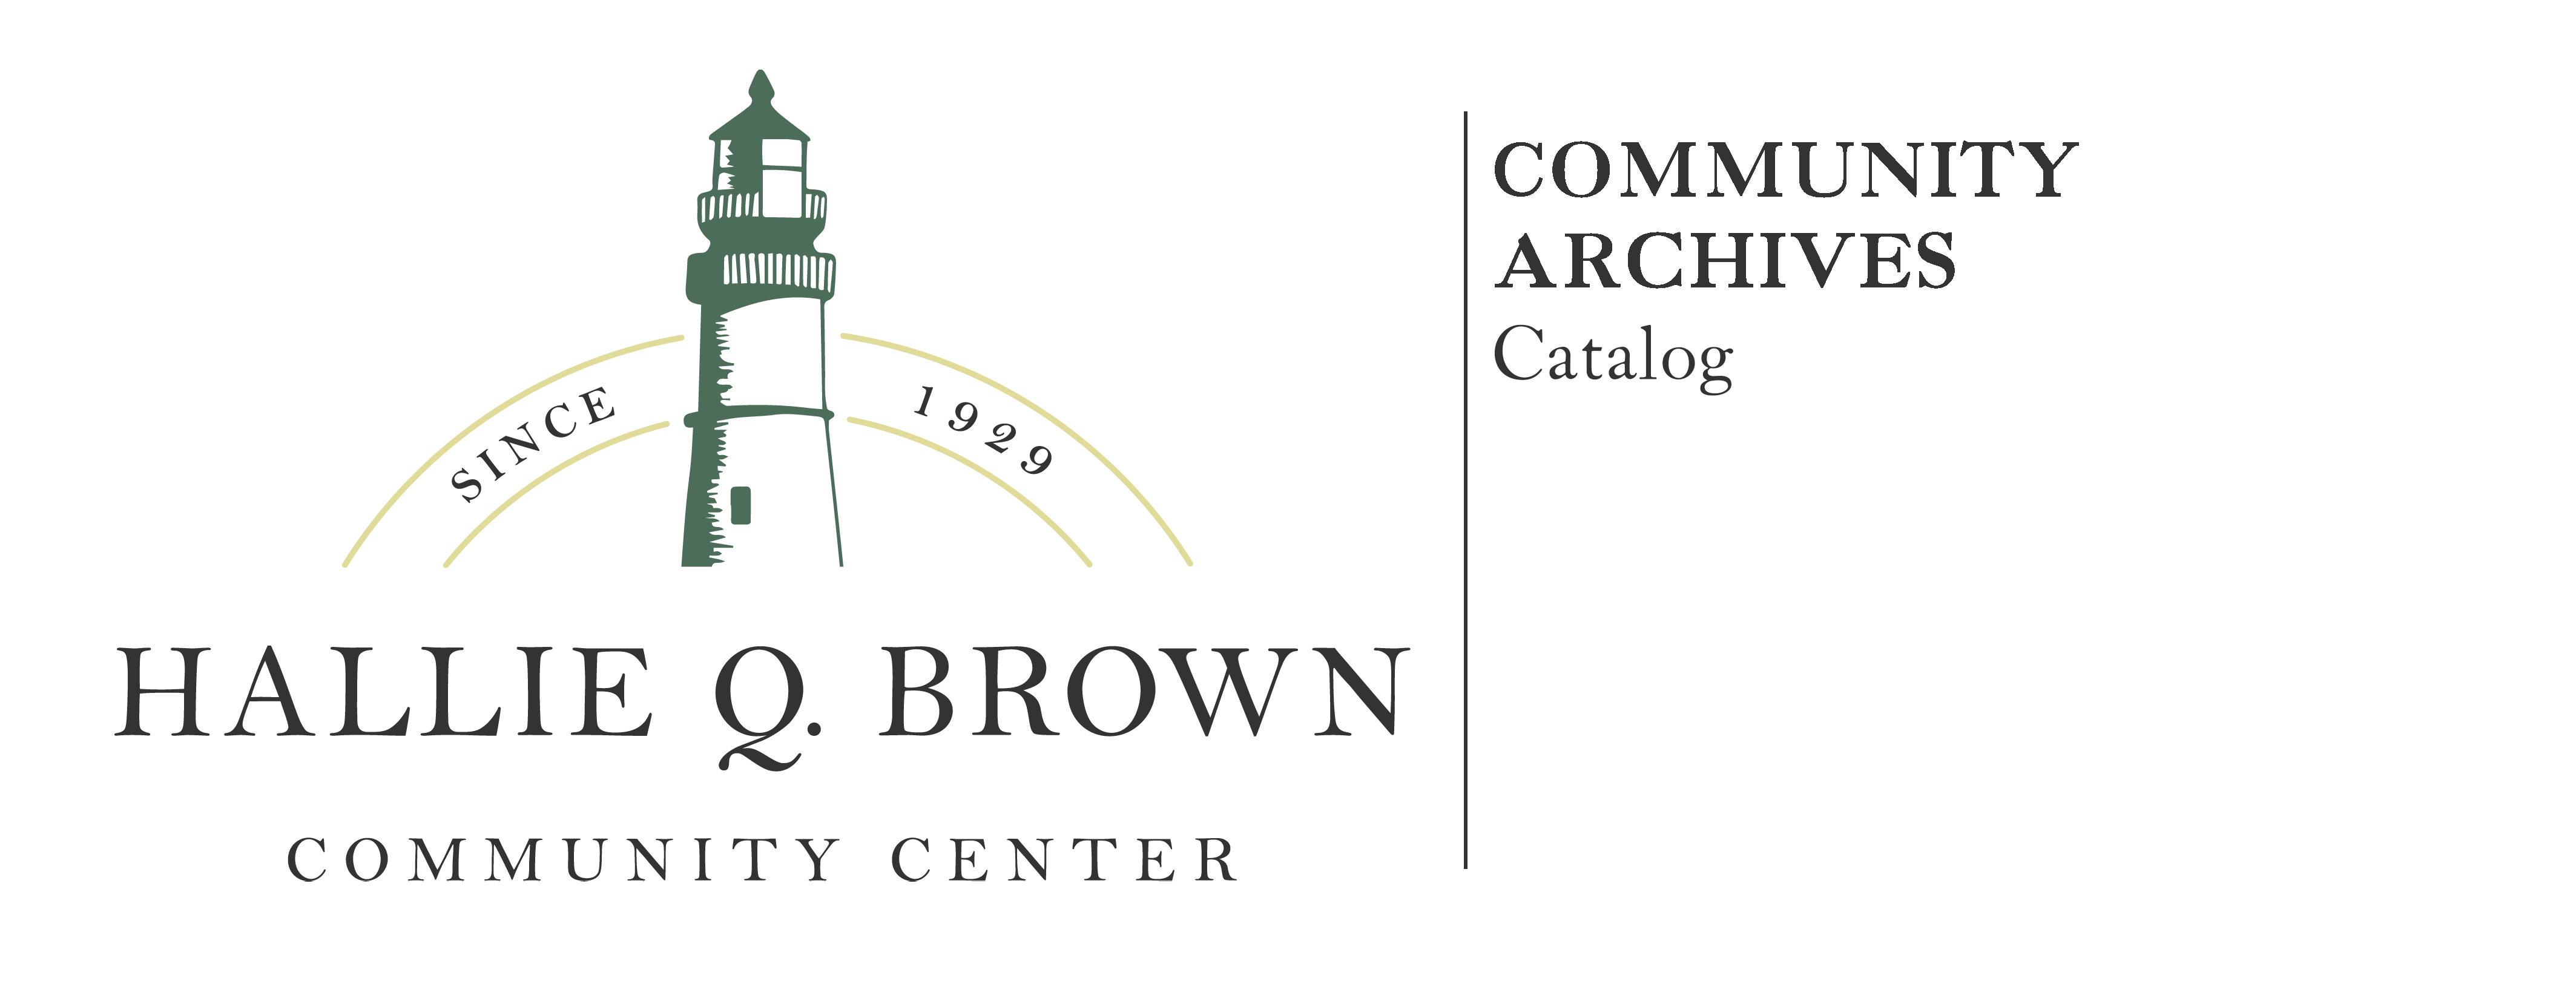 Hallie Q. Brown Community Archives
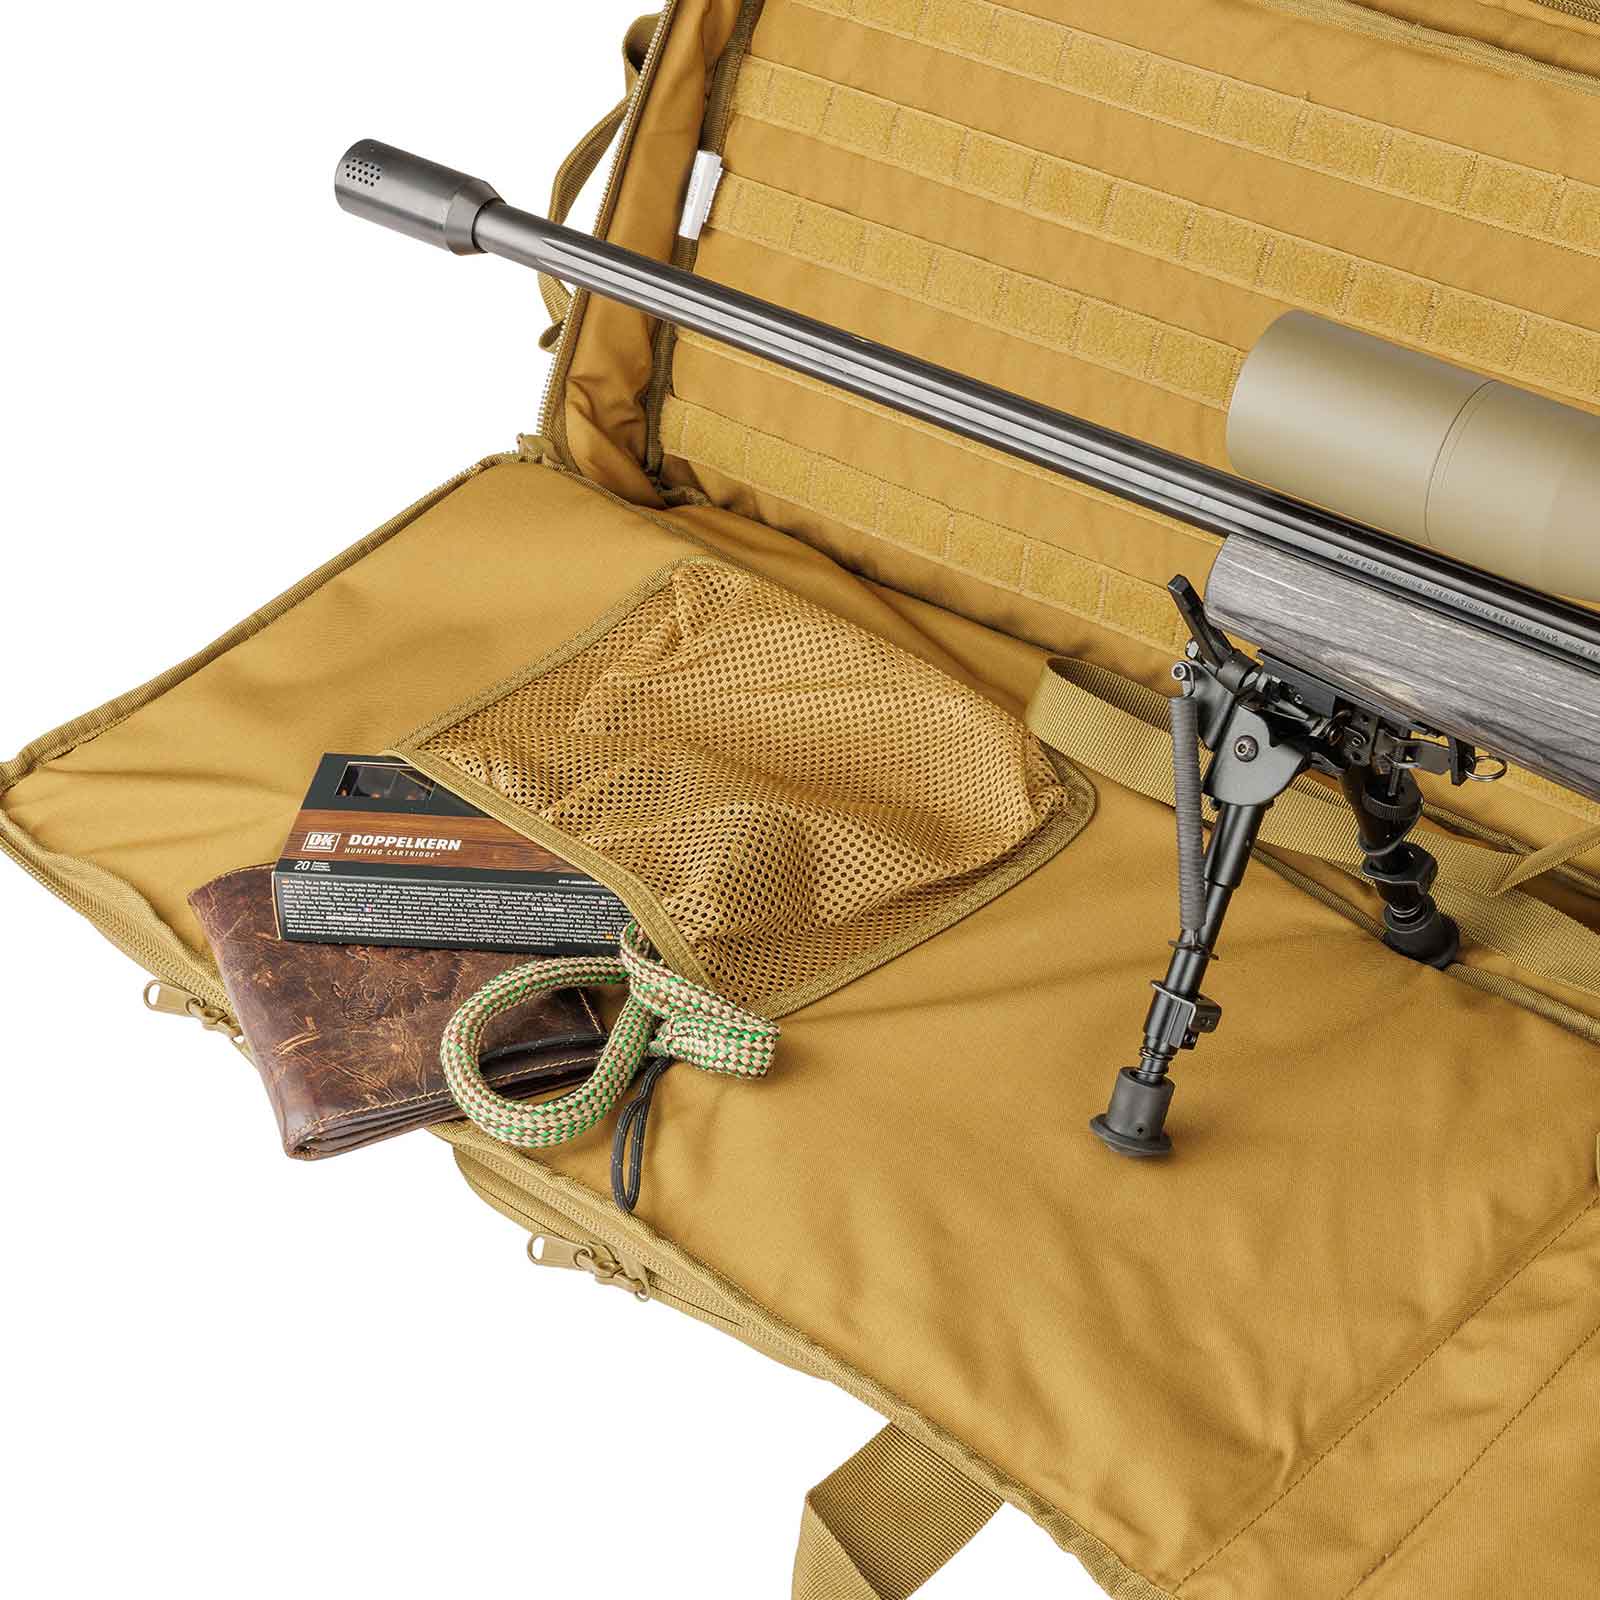 Bearproof Opti Drag Bag Weapon Pocket
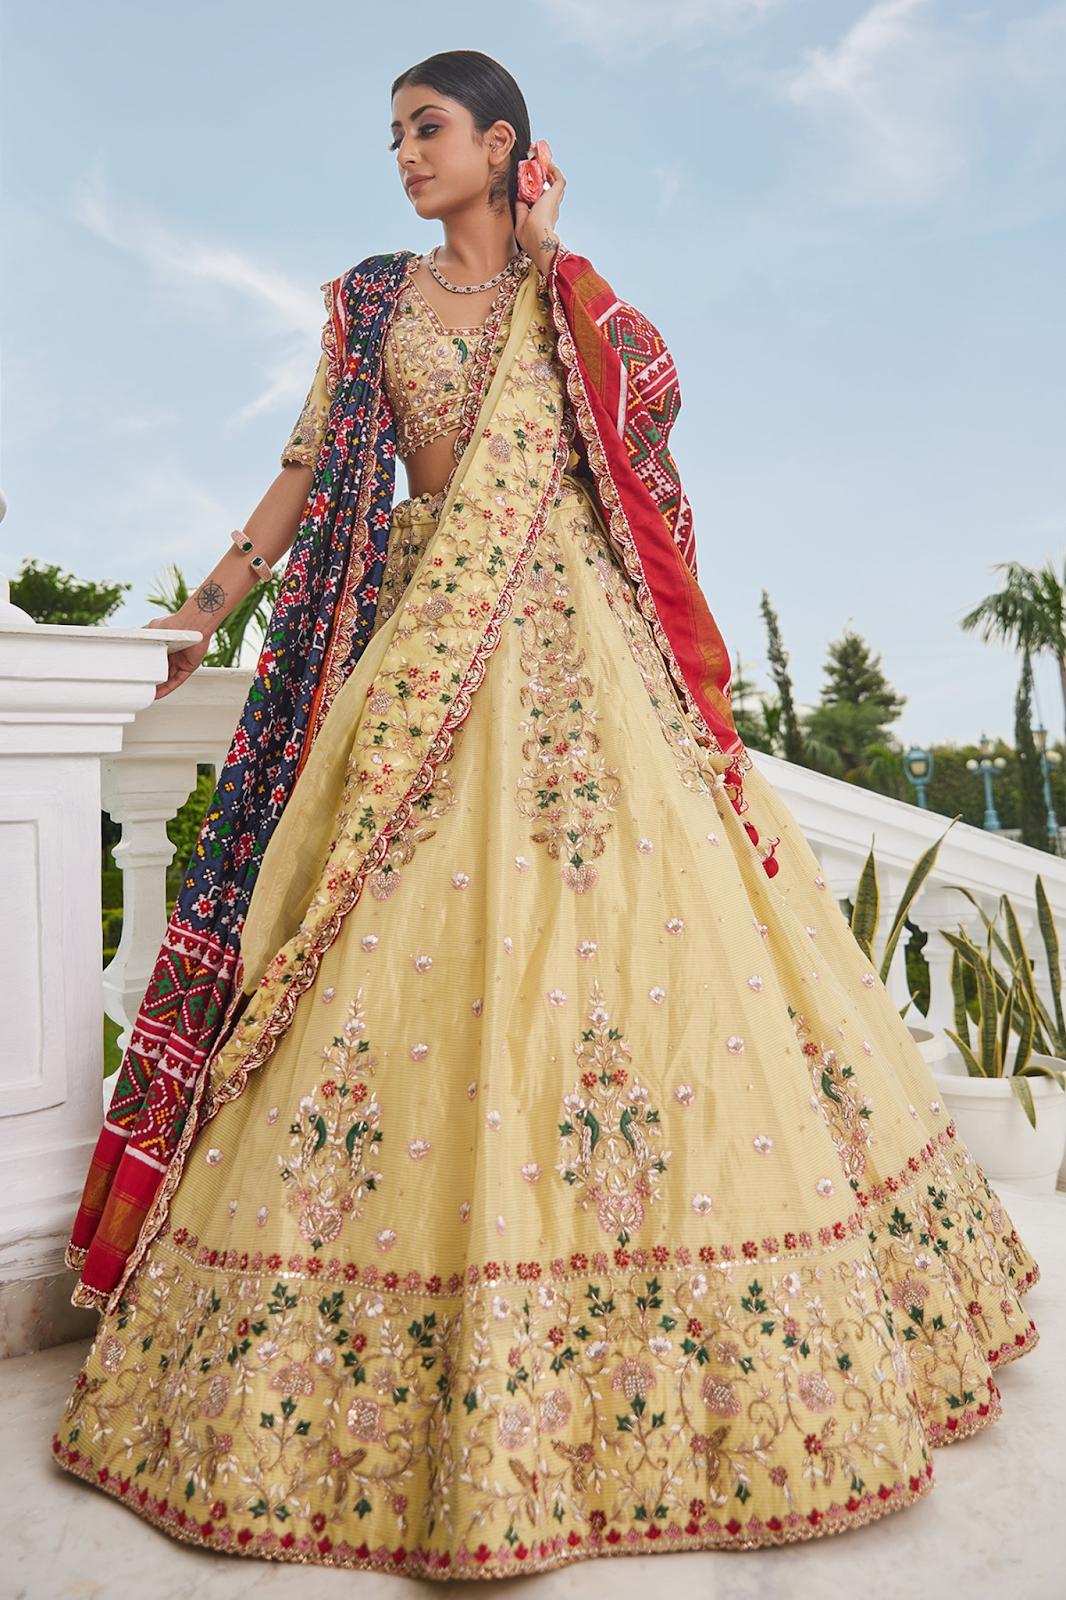 Stunning Bridal Lehenga Choli Designs that are Changing Trends |  Fashionisers©

# [Task brief]
An exact copy of the material above is required, free of any pictures.

# [Task response]
 Hallie Q. Brown Community Archives
 Bearproof Opti Drag Bag Weapon Pocket
 Stunning Bridal Lehenga Choli Designs that are Changing Trends |  Fashionisers©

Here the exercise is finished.